Derrière le nom improbable Her Name Is Calla se cachent quatre musiciens anglais débarqués de Leicester, réunis en 2004 et signés chez Gizeh Records. Encore jeune, le groupe sort coup sur coup deux eps marquants en 2007. Condor&River (en édition limitée à 250 exemplaires) s'impose comme une pièce épique de 16 minutes qui emprunte à la fois au meilleur du Post-Rock (GY!BE pour n'en citer qu'un) et à l'intimité classieuse de l'indie slow-core (façon iLiKETRAiNS / avec qui le groupe se rapproche) pour une descente sans fin au plus sombre de l'âme. Le second disque, A Moment Of Clarity, vient confirmer en deux titres le talent d'un groupe toujours à la recherche de reconnaissance au travers de ses envolées lyriques.
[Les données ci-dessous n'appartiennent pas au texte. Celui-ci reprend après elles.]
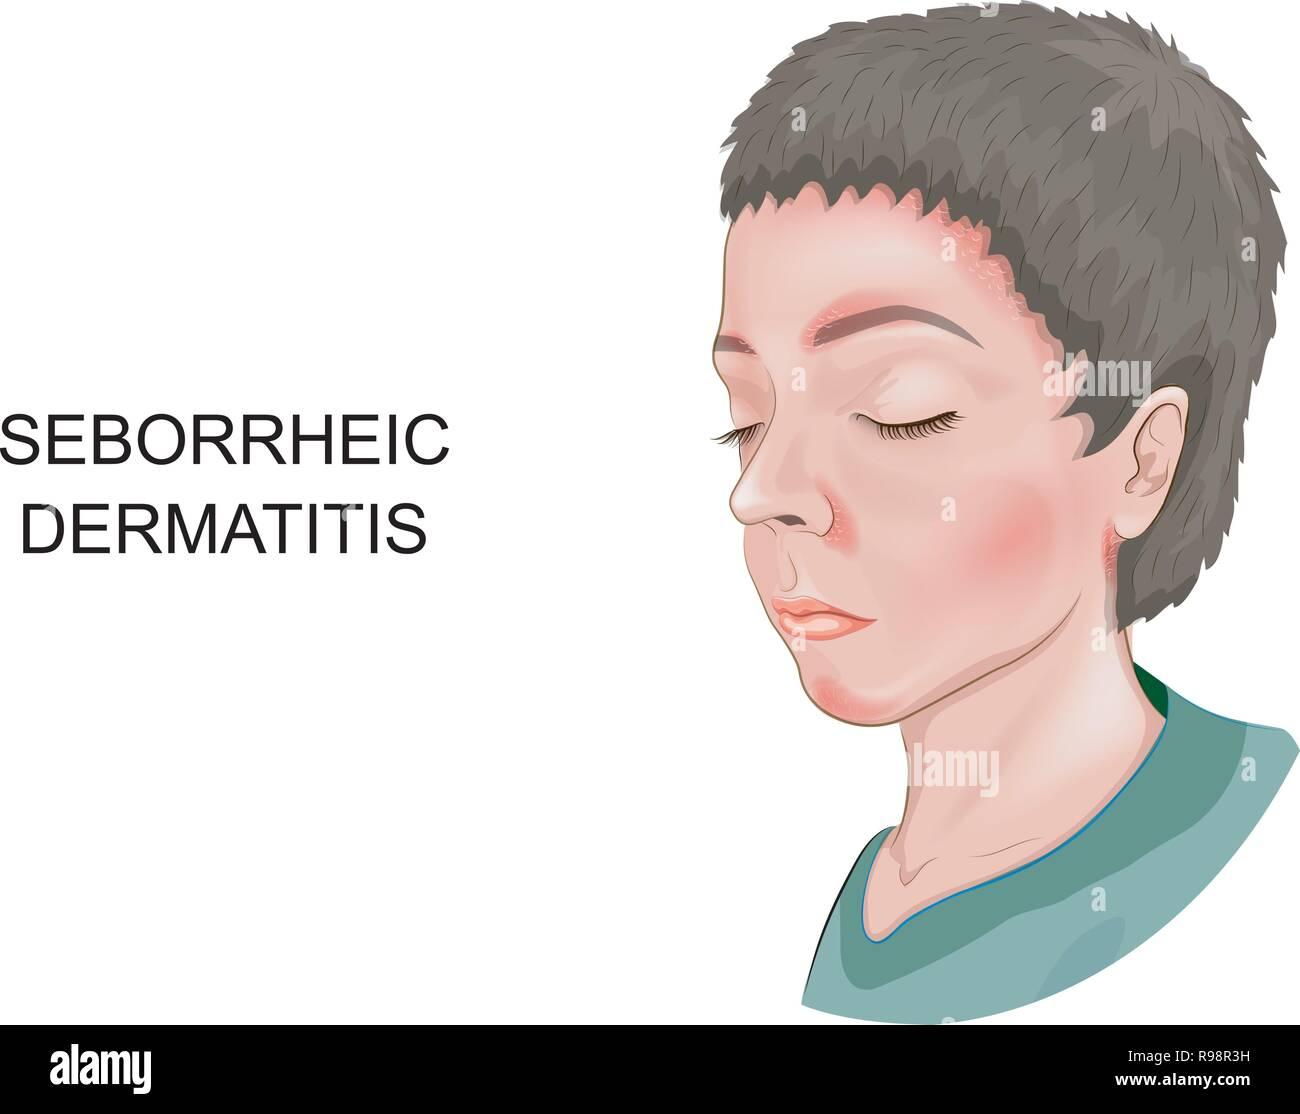 Seborrheic Dermatitis Stock Photos & Seborrheic Dermatitis

En 2008, à pas feutrés et tout en prenant son temps, Her Name Is Calla présente The Heritage, son premier album mêlant judicieusement mélodies lumineuses et plongées en abysses, qui se prolonge à l'occasion d'un split avec leurs voisins de Maybeshewill la même année. En 2009, ils signent chez Denovali Records qui réédite leurs disques. L'année 2010 est très productives pour les anglais qui sortent un ep, Long Grass, puis un second effort, The Quiet LambMaw, un nouvel ep, parait en 2011.

15.5 / 20
1 commentaire (17.5/20).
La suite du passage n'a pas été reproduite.